§ **Your objective**:
Write out exactly the lines below that run from the one containing "Happy Birthday Yuliana" through the one containing "Médecine dentaire : L'Ordre", both included, with no other lines.

§ **Data supplied**:
◇ ◇ ◇
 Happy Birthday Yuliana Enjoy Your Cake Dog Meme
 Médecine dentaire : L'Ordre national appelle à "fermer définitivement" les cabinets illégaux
◇ ◇ ◇
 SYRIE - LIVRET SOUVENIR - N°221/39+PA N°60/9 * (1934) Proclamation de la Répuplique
◇ ◇ ◇
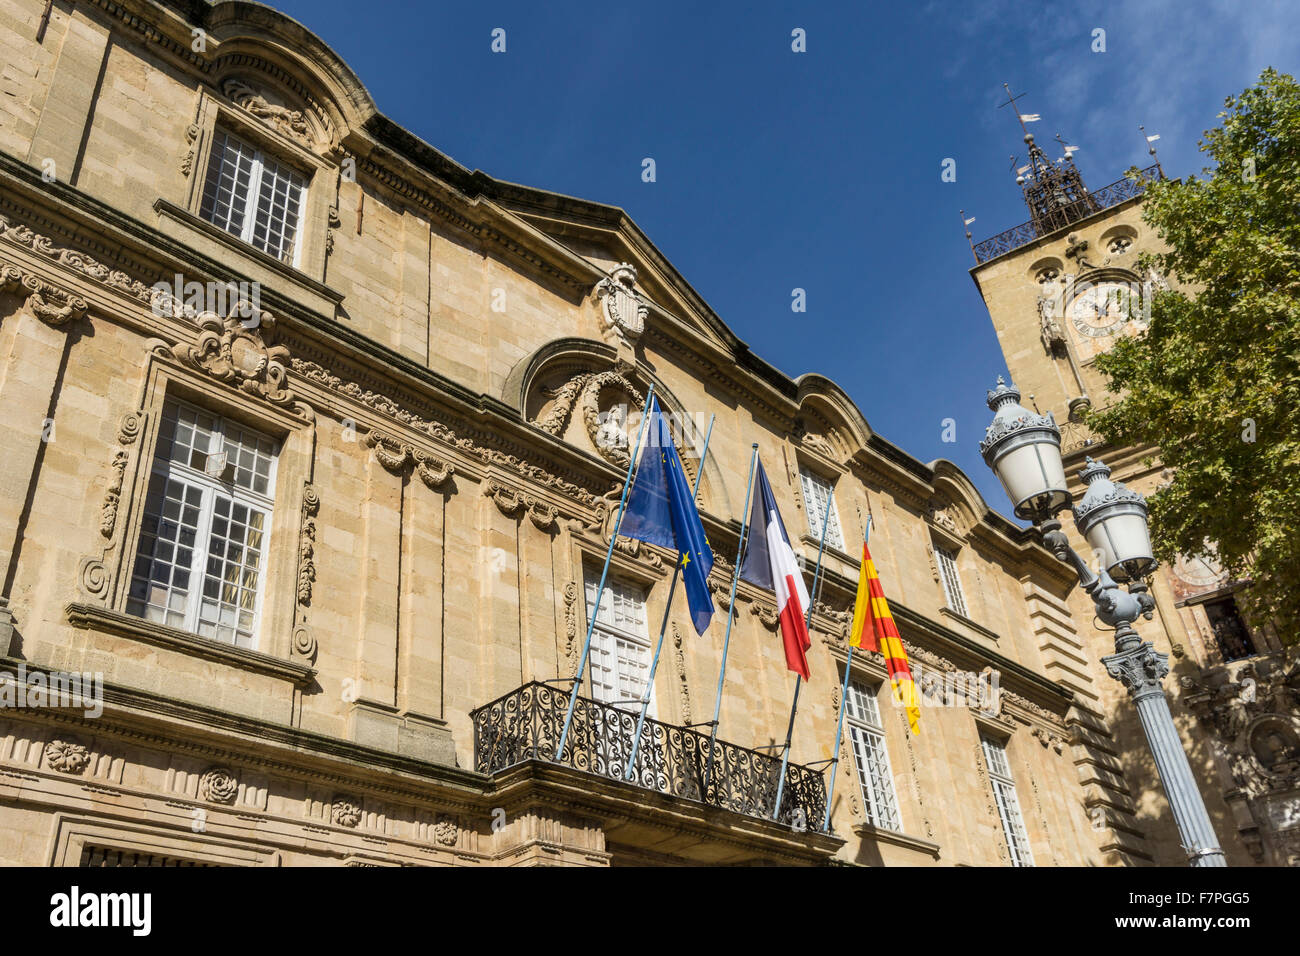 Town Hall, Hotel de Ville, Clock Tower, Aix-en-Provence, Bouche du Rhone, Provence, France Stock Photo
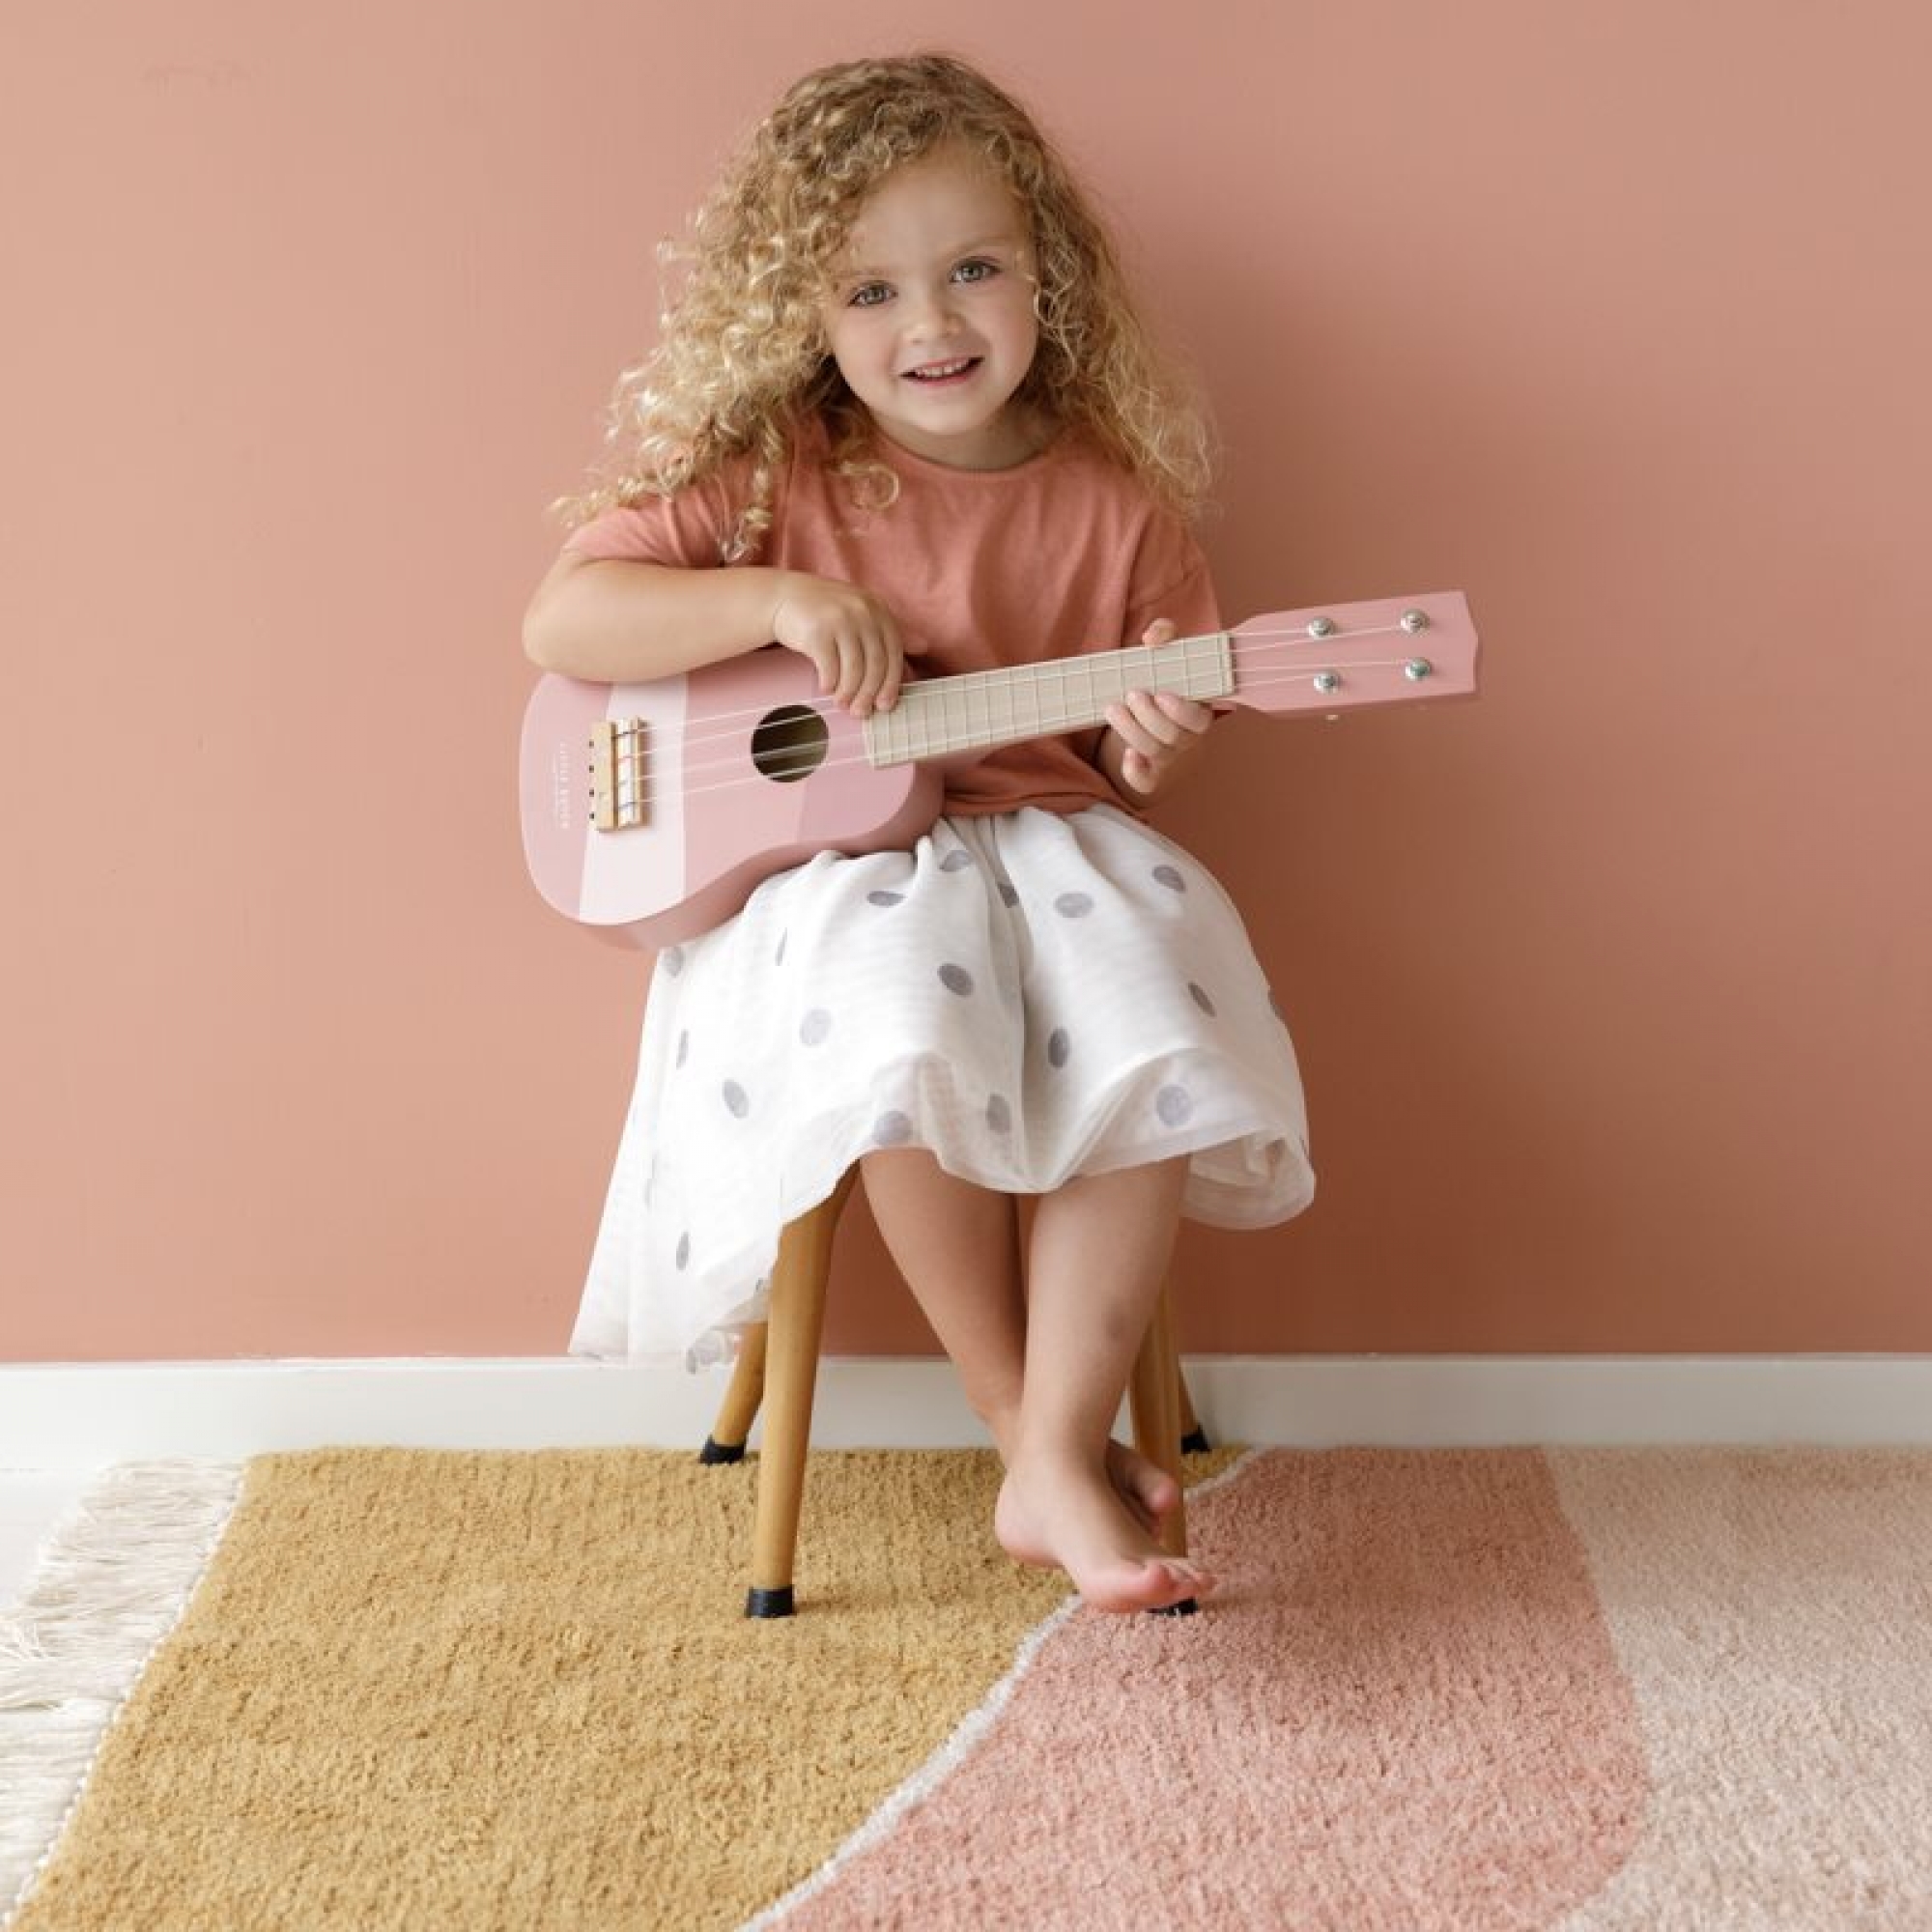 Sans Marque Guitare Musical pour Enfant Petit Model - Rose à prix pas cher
◇ ◇ ◇
§ **Solution to the problem**:
 Happy Birthday Yuliana Enjoy Your Cake Dog Meme
 Médecine dentaire : L'Ordre national appelle à "fermer définitivement" les cabinets illégaux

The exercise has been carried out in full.